= Marcell Felipe =

Cuban American attorney

Marcell Felipe is a Cuban American attorney and businessman, and chairman of the American Museum of the Cuban Diaspora. Felipe founded the Inspire America Foundation, an organization that promotes democracy in Cuba and the Americas. He also founded the Initiative for Democratic and Economic Alternatives for Cuba, a project of Inspire America, and co-founded América CV (which owns América TeVé, a Miami, Florida-based media group). Felipe has been described as the "conscience" of the Cuban American community.

In 2018, Felipe was elected board chair of the American Museum of the Cuban Diaspora, and re-elected in 2019. He curated the museum’s permanent exhibit, “The Cuban Experience.”

Felipe also serves as a member of the board of trustees at Miami Dade College, which he pushed to cancel its China-financed Confucius Institute in 2019. He supported the historic preservation and reopening of Miami’s Freedom Tower as a museum and cultural center.
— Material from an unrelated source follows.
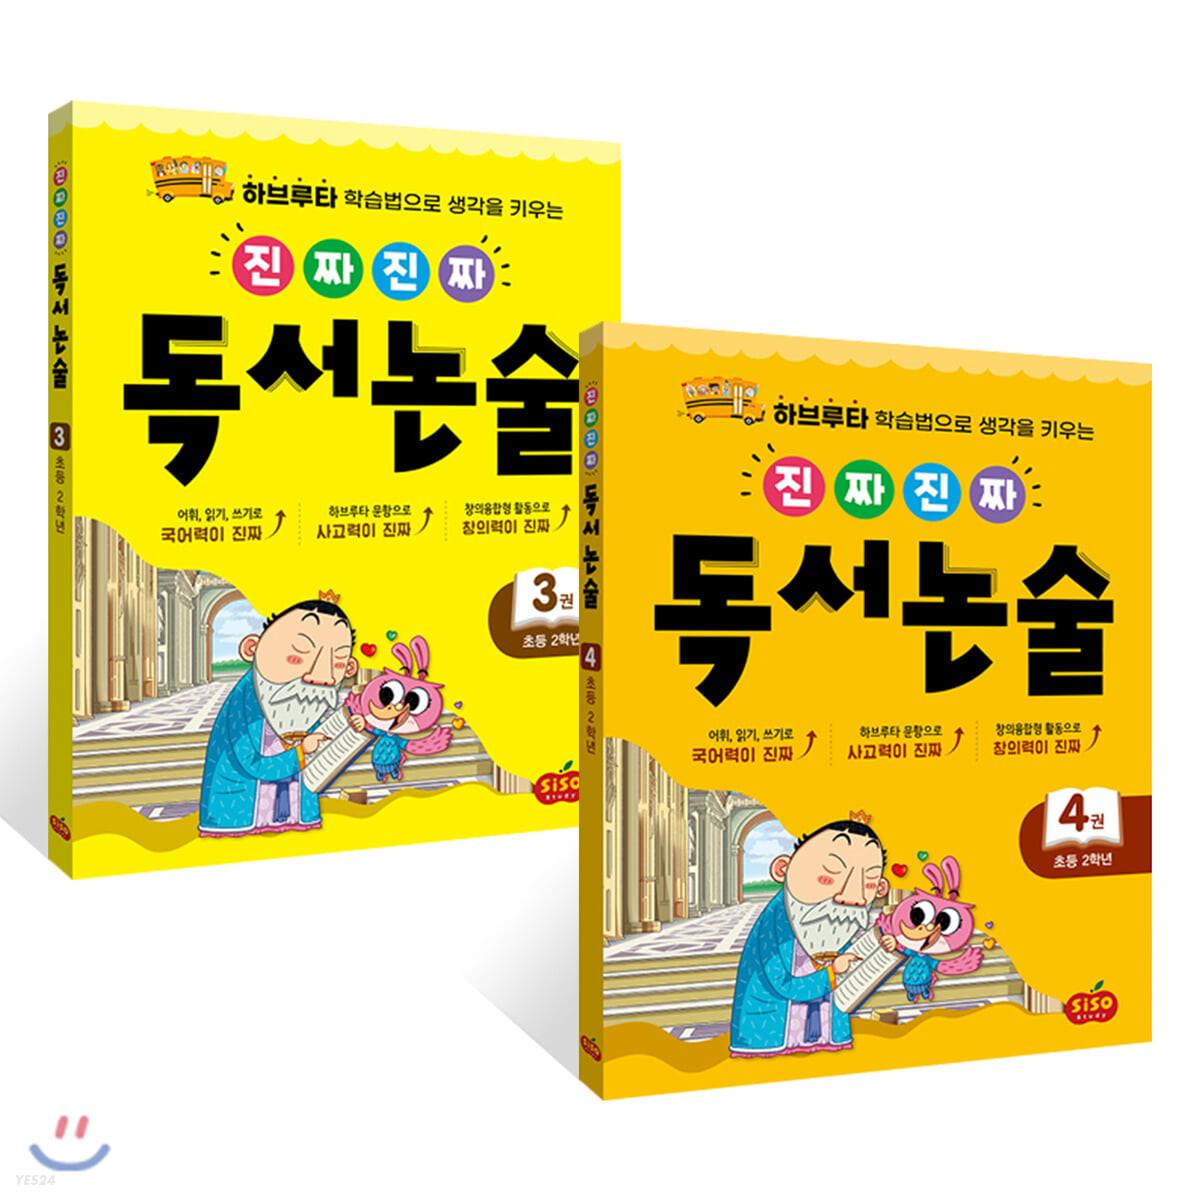 진짜 진짜 독서논술 2학년 세트 (전2권)

== Education and career ==
Felipe graduated from the University of Pittsburgh School of Law. Felipe is an international tax and corporate lawyer, and a member of the Florida Bar. He founded Marcell Felipe Attorneys in 2002, advising government and industry leaders on legal issues.
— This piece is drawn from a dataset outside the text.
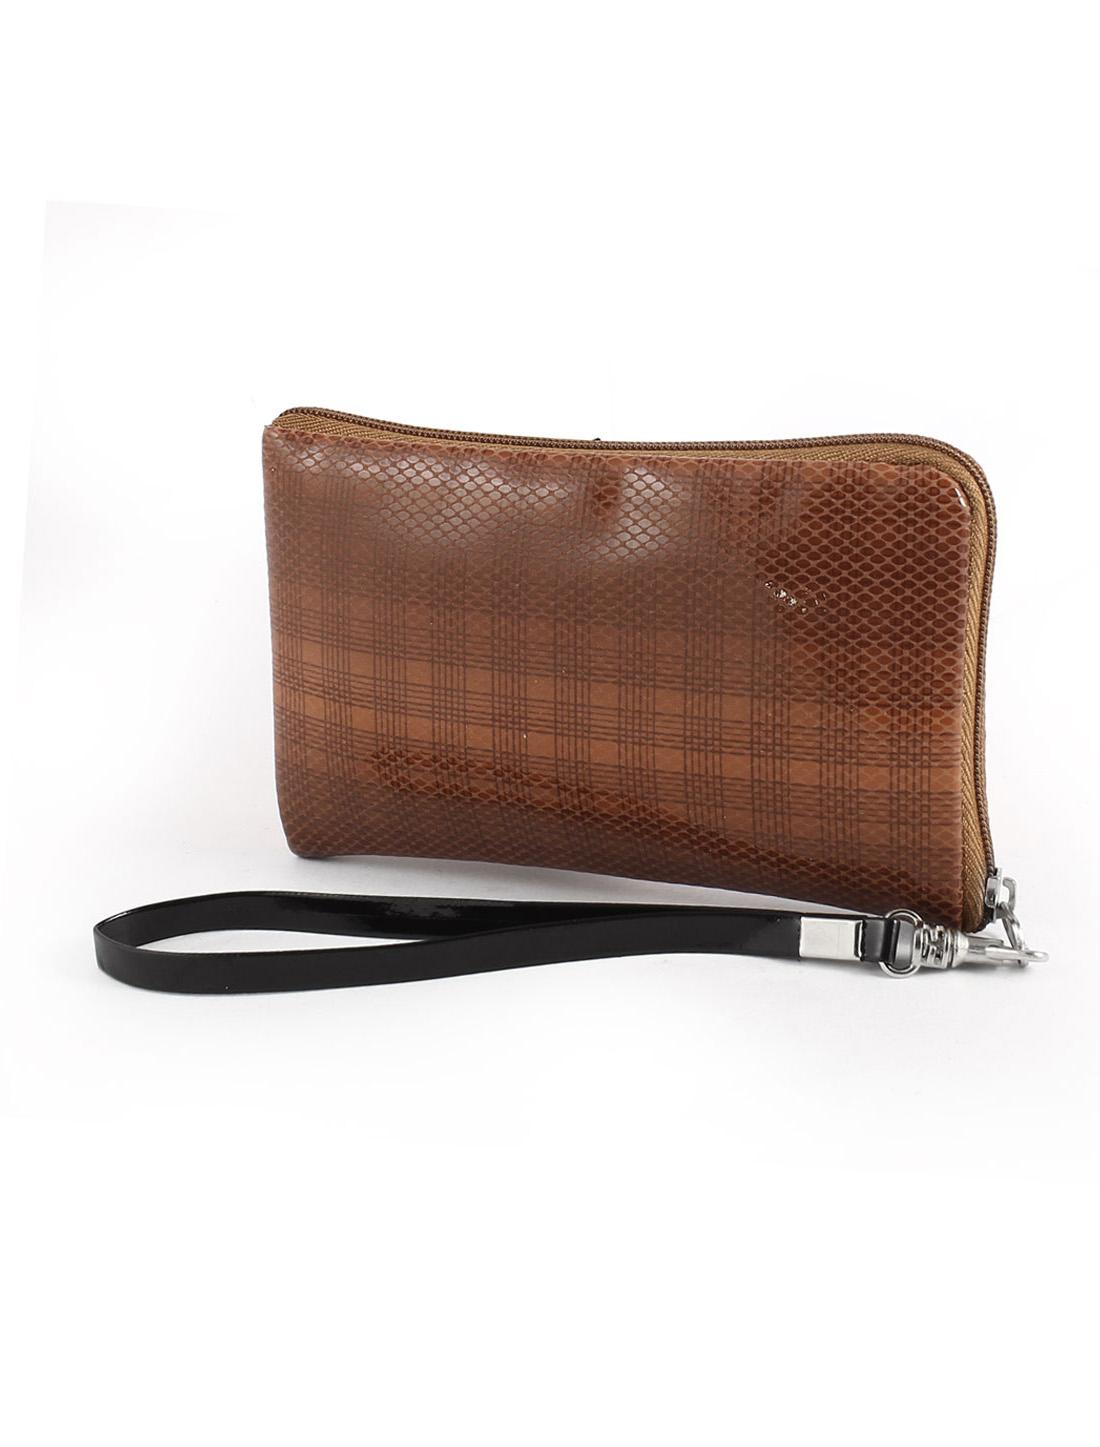 Brown Faux Leather Grid Print Detachable Strap Purse Pouch Bag Holder

== American Museum of the Cuban Diaspora ==
Felipe serves as chairman of the American Museum of the Cuban Diaspora (also known as “The Cuban”), having been elected as board chair in 2018 and re-elected in 2019. At the time of his election, the museum faced a financial crisis. In 2019, he announced the firing of the museum's director, Ileana Fuentes, and her daughter, Carisa Perez-Fuentes, who served as head of communications and design, after a split in leadership of the museum. Felipe accused Fuentes and her daughter of “kidnapping” the museum from the board of directors and mismanaging the institution.
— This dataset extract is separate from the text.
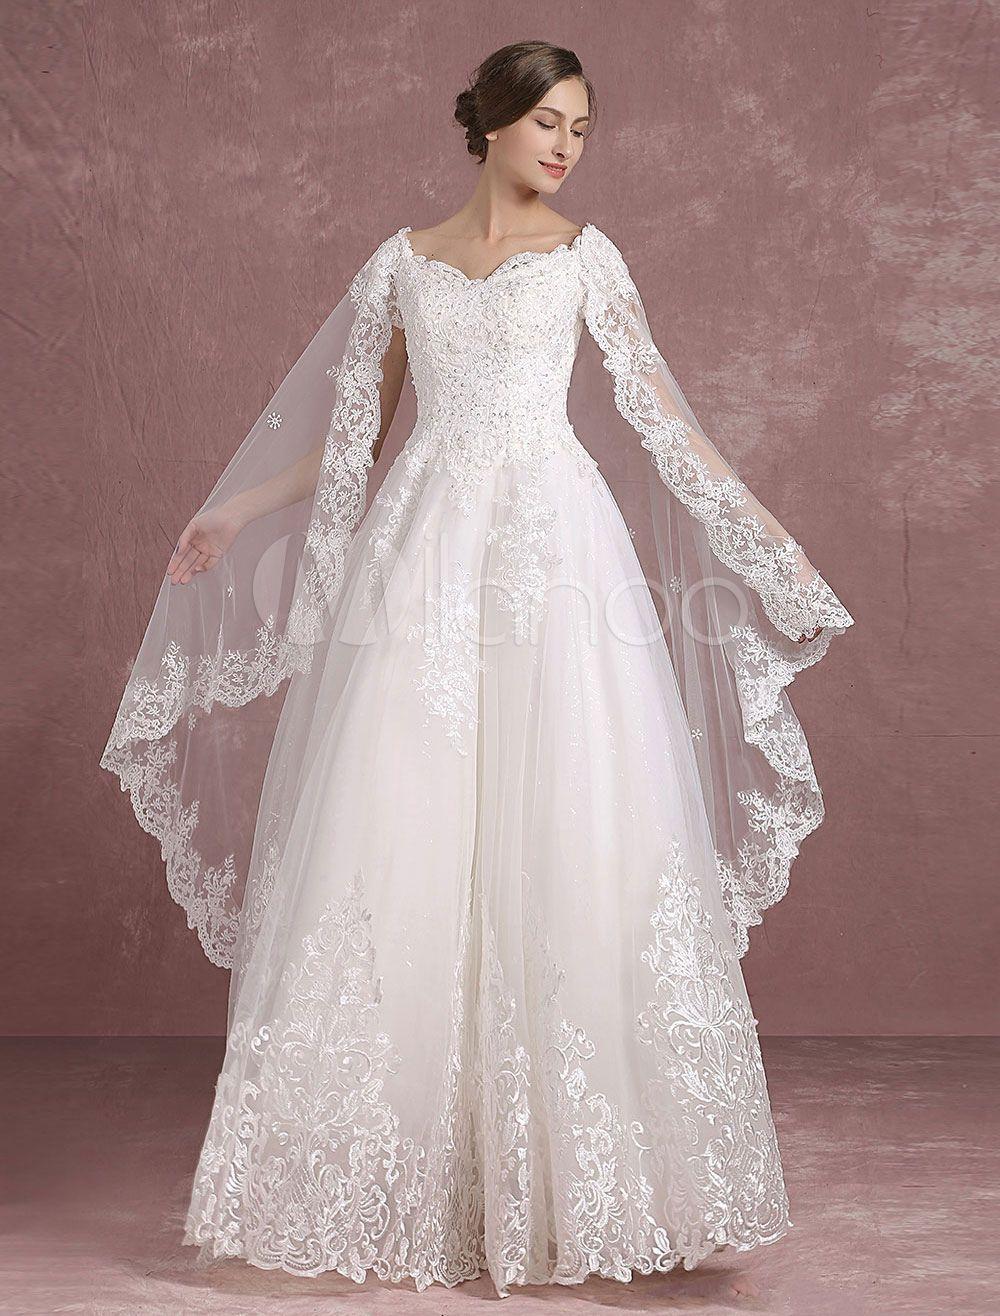 Vestidos de novia de verano 2021 Vestido de novia de encaje con cuello en V Apliques Abalorios Recorte trasero Una línea Vestido de novia maxi con tren Watteau  – Boda

Under Felipe’s leadership, the museum was reorganized primarily as a history institution. He designed The Cuban's permanent exhibit, "The Cuban Experience," based on his time as a student at Florida International University, where he worked with former Cuban political prisoners at La Casa del Preso in Miami. A critic of communism in Cuba, Felipe claims the museum is “an icon of freedom."

== Miami Dade College ==
Felipe serves as a member of the board of trustees at Miami Dade College, where his input in the 2019 presidential search process ultimately led to the appointment of Madeline Pumariega in 2020. At his request, the college also canceled its China-financed Confucius Institute in 2019.

Felipe also pushed for the historic preservation of Miami’s iconic Freedom Tower, with Florida Governor Ron DeSantis eventually granting $25 million for critical renovations to the building in November 2021. In September 2025, Felipe was involved with the Freedom Tower's official reopening as a museum and cultural center.

In an October 2025 op-ed column in the Miami Herald, Felipe revealed that he voted to transfer land owned by Miami Dade College to facilitate construction of the Donald Trump Presidential Library. That same month, he celebrated Venezuelan opposition leader María Corina Machado's receipt of the Nobel Peace Prize. Felipe played a key role in initiating Machado's nomination.